Platform Evolution with LLM Integration

As large language models (LLMs), particularly open-source models, become increasingly capable and accessible, our workflow platform is evolving to incorporate LLM-driven intelligence. The goal is to enable workflows that can reason, automate tasks, and interact with systems more dynamically.

The first focus area is evaluating and integrating open-source LLMs. This includes researching different model families, testing their capabilities, and identifying which models best support reasoning, orchestration, and automation within our platform.

The second focus area is standardizing system access through the MCP protocol. Existing connectors that interact with external systems and data stores are being adapted to MCP and exposed as Tools. By limiting LLM interactions to these MCP-based tools, we create a controlled interface between the model and enterprise systems.

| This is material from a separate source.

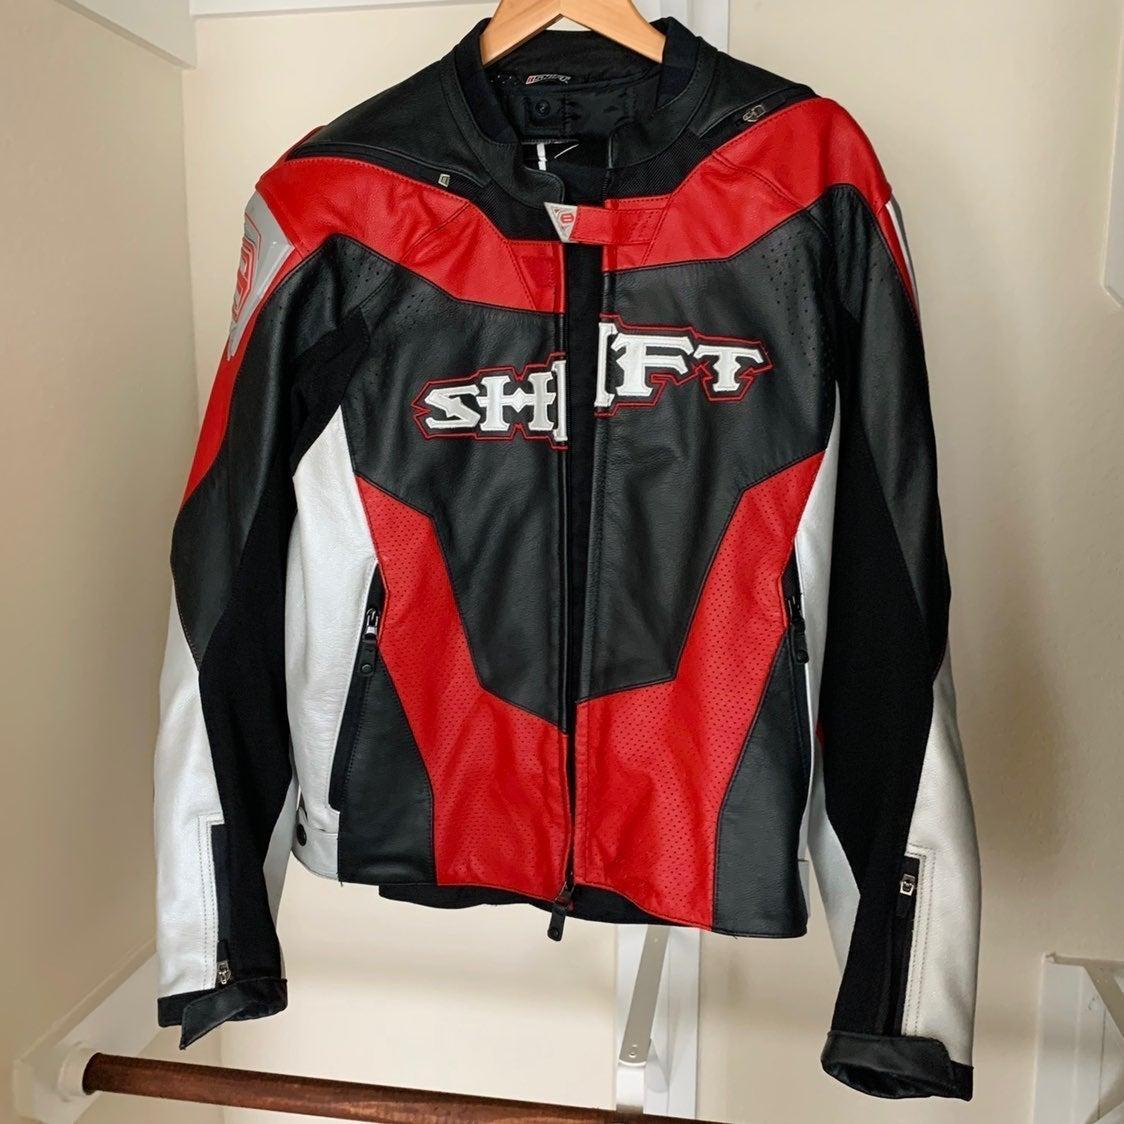 SHIFT Motorcycle Jacket size Large

This architecture acts as a guardrail: the LLM cannot directly access systems or perform arbitrary actions. Instead, it operates only through approved tools with defined capabilities, ensuring predictable behavior, security, and governance while still enabling powerful AI-driven workflows.

Workflows with Open-Source LLMs (AI Agents)

By embedding an open-source LLM directly into the platform, workflows will be able to leverage the model’s reasoning capabilities to interpret tasks, make decisions, and orchestrate workflow steps dynamically.

Let's see an example of building a workflow with and without a LLM on the platform.

This workflow is: Refund Request and in simple term it will include the following steps and stages:

→ Verify Order

→ Check Refund Policy

→ Approve or Reject

→ Send Notification (Email, Instance Message, SMS...)

Workflow without LLMs (Agent)

1. Business defines requirements and provide domain knowledge

2. Engineers analyze the process and design the workflow logic

3. AutomateFlow Framework executes the workflow

In #2, engineers write code and configure workflow per #1 requirements.

Even the generic Refund Request Workflow could cover 80% of the use cases but there are still 20% left.

E.g. adding another step between Verify Order and Check Refund Policy. It requires development and testing efforts.

Workflow with LLMs (Agent)

1. Business defines requirements, provide domain knowledge, and tools (Connectors to be converted to MCP Tools)

2. Feed the above requirements to LLM

3. AutomateFlow Framework executes the workflow

In #2, the LLMs may dynamically decide:

→ Retrieve Order Info

→ Check Refund Policy

→ Determine Eligibility

→ Call Refund API

→ Send Notification (Email, Instance Message, SMS...)

Constrain LLM Autonomy because workflows with LLMs are no longer static

Engineers need to put guardrails to these LLMs. In this case, we need to enforce LLMs only act on pre-defined Tools (Retrieve Order Info, Check Refund Policy, Determine Eligibility, and ...) and nothing else.

These Tools will be carried out as Connectors (Convert them to MCP standard protocol which will talk about later) and feed to LLMs along with the requirement and domain knowledge.

The existing Send Notification Connector, which takes in a message and send out a SMS using Twilio API. Now this Connector needs a wrapper to be on MCP standard protocol so LLMs can interact with this tool to send out notification.

Put guardrails in LLMs via a set of tools → Put guardrails the workflow → Deterministic and no surprises!

In #2, engineers write LLM prompts based on business requirements and domain knowledge as well as re-using existing and developing tools and guardrails.

MCP

MCP (Model Context Protocol) – an open standard introduced by Anthropic that lets LLMs interact with external tools and data through a unified interface. It standardizes Tool discovery, invocation, and data access for LLMs (AI agents).

Streamable HTTP – The recommended MCP transport protocol that allows LLMs (AI Agents) to communicate with MCP servers using standard HTTP requests with optional streaming responses.

All Connectors need to and will be built as Tools to support Streamable HTTP so LLMs(AI Agents) can interact them seamlessly!

The official Anthropic Model Context Protocol (MCP) website

Open Souce LLM

The following LLM will be evaluated:

Llama (1B, 3B, 8B) Tested locally on MacBook using Ollama

Qwen (0.6B, 1.8B, 4B, 7B)

DeepSeek (1.3B, 7B)

GPT-OSS (20B)

April 2025:

Tested DeepSeek, the 1.3B is really fast but it is not very stable - some tasks it does a great job but others are bad. 7B is much better but the processing speed is much much slower ;-(

July 2025:

Qwen3 came out in Late April 2025 and on general purposes it does better than DeepSeek. But it does not support structure output.

August 2025, GPT-OSS-20B came out to public and this is overall the best model. It is a much larger model compared with others ones therefore it requires a significant amount of memory (32G vs 4-12G).

Even Llama 3.2 came out late in 2024, it seems to be a good trade off between GPT-OSS and Qwen3 and Deepseek.

Llama, Qwen, and Deepseek models are tested locally on MacBook using Ollama.